§ WHAT TO WORK ON
Please reproduce the listing verbatim, without its images.

§ DATA BELOW
-- Opening Marker --

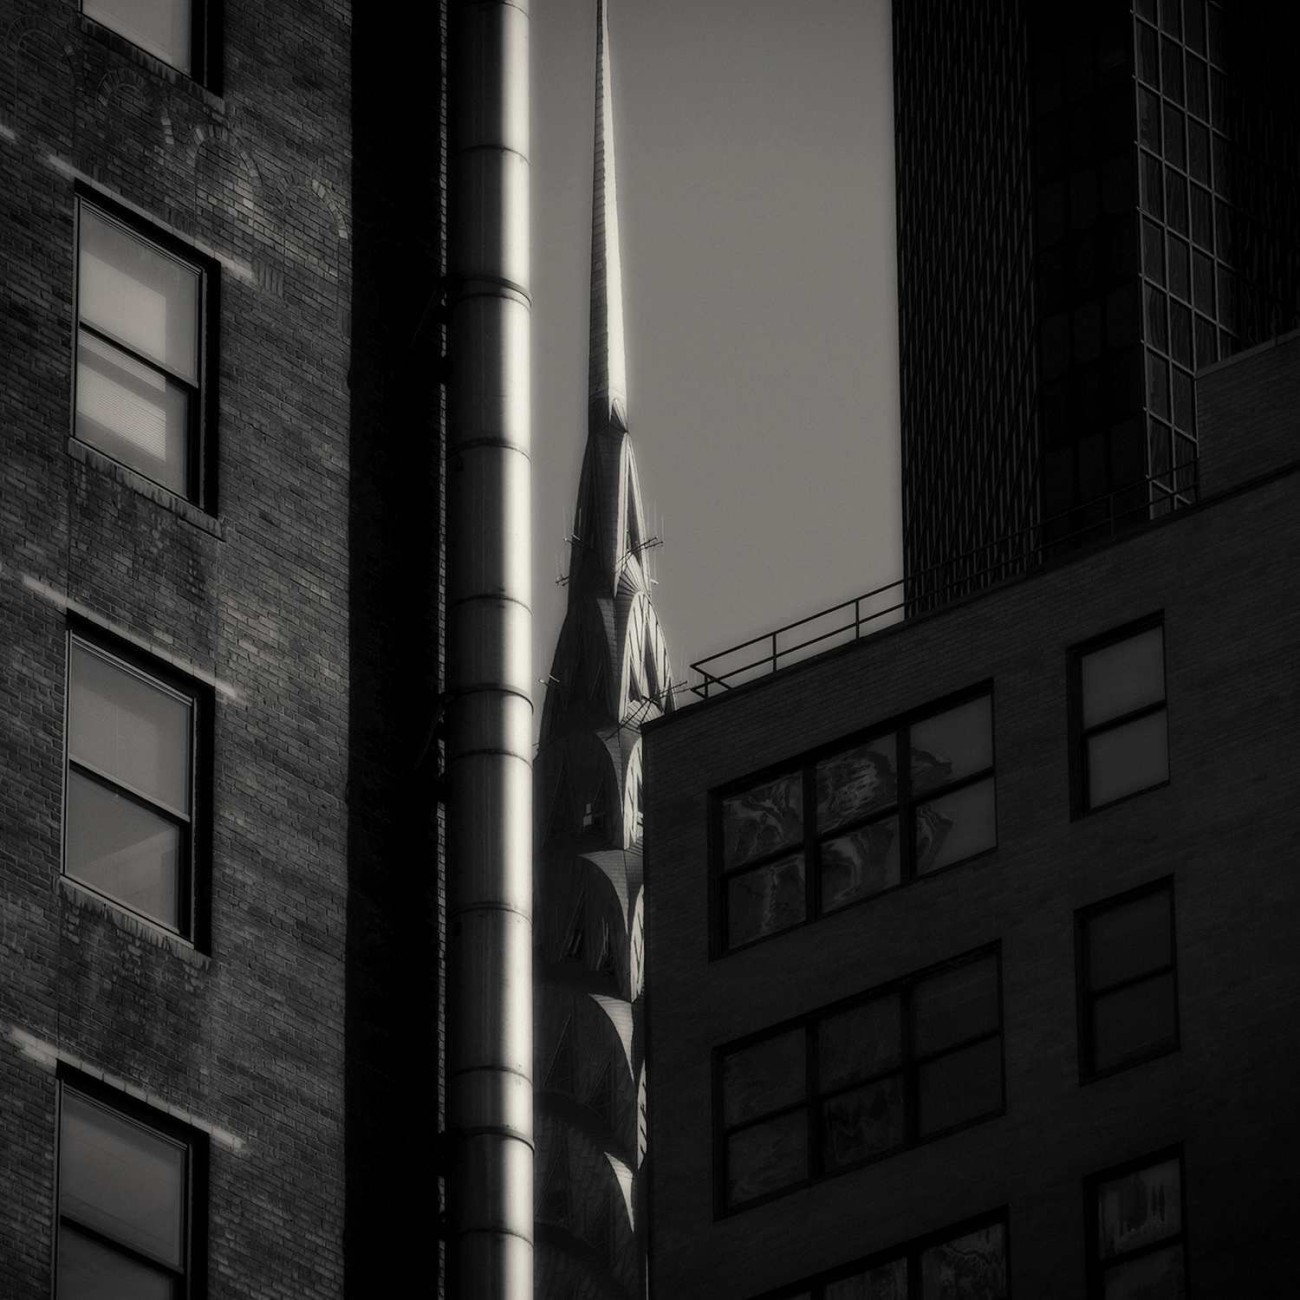 Chrysler Building steeple, New York, 2010
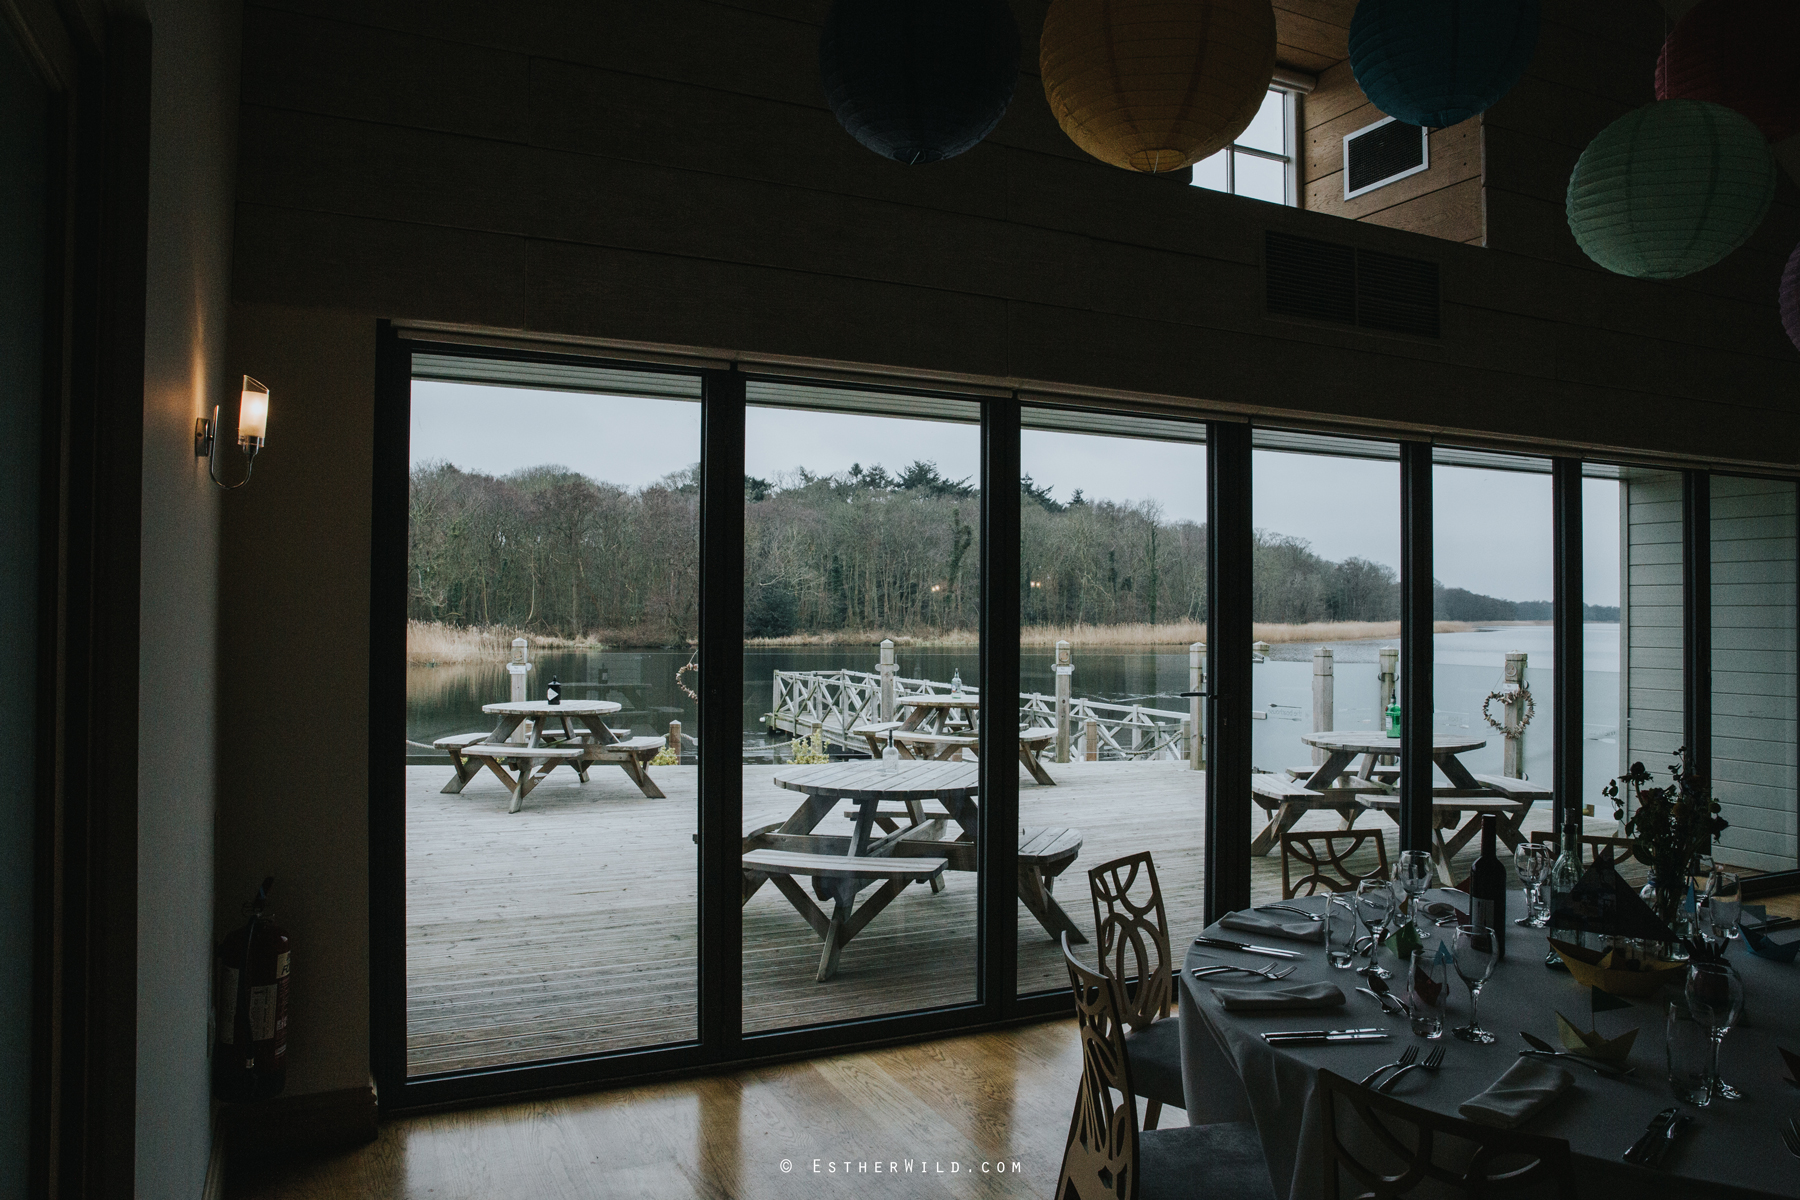 The_BoatHouse_Wedding_Venue_Ormesby_Norfolk_Broads_Boat_Wedding_Photography_Esther_Wild_Photographer_IMG_0163.jpg
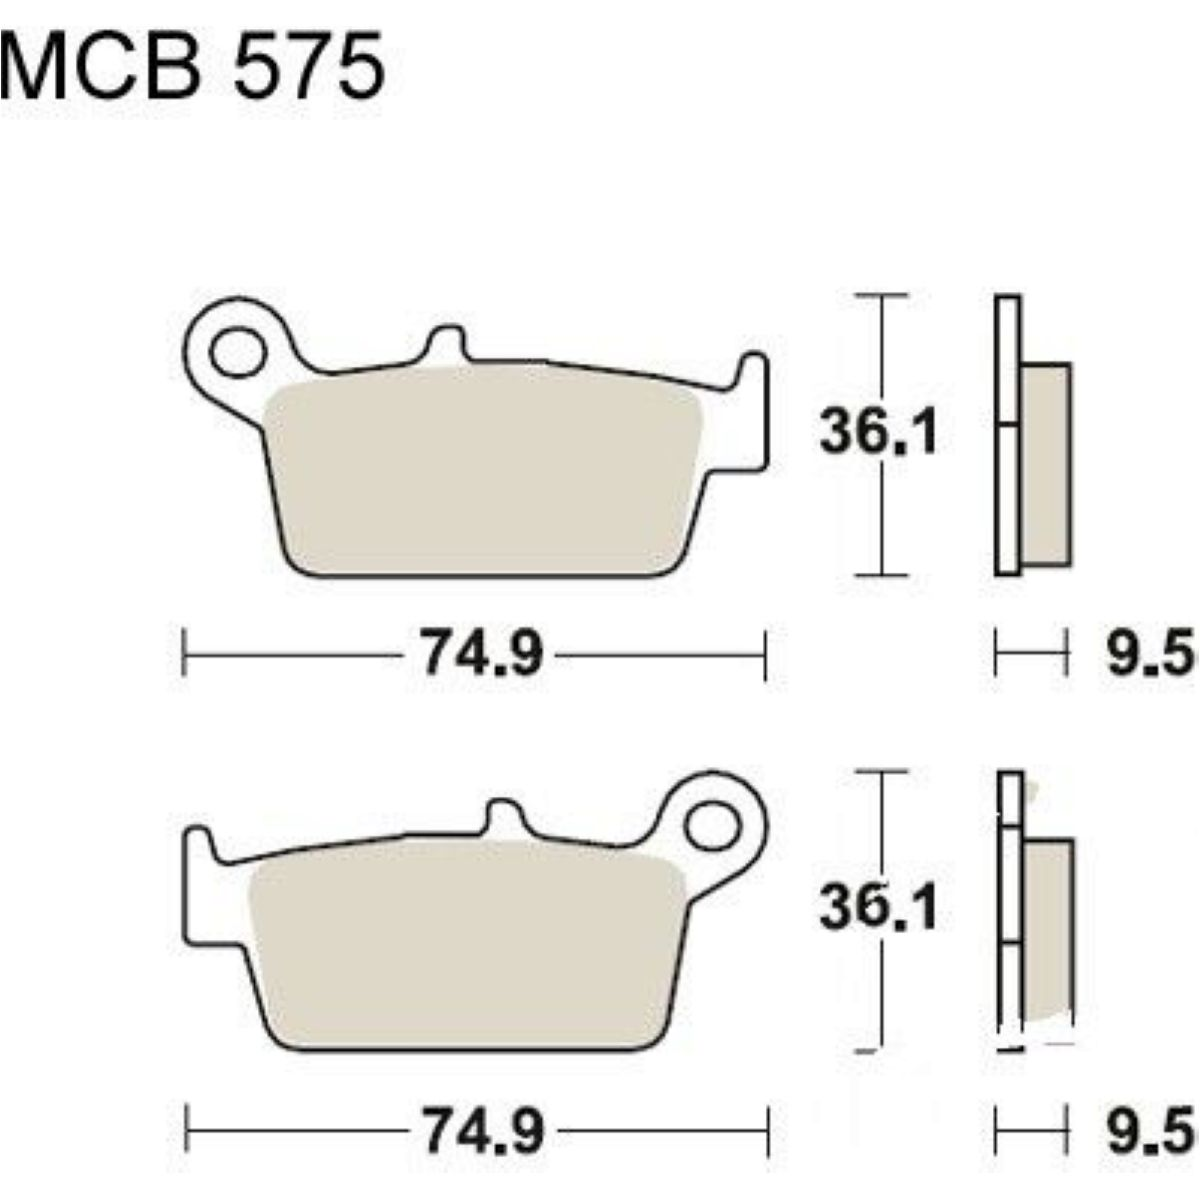 01//06 Federbalg Luftfederung HA Für Mercedes R-Klasse W251 V251 Bj

-- Closing Marker --

§ ANSWER FOR THIS EXERCISE
 Chrysler Building steeple, New York, 2010
 The_BoatHouse_Wedding_Venue_Ormesby_Norfolk_Broads_Boat_Wedding_Photography_Esther_Wild_Photographer_IMG_0163.jpg
 01//06 Federbalg Luftfederung HA Für Mercedes R-Klasse W251 V251 Bj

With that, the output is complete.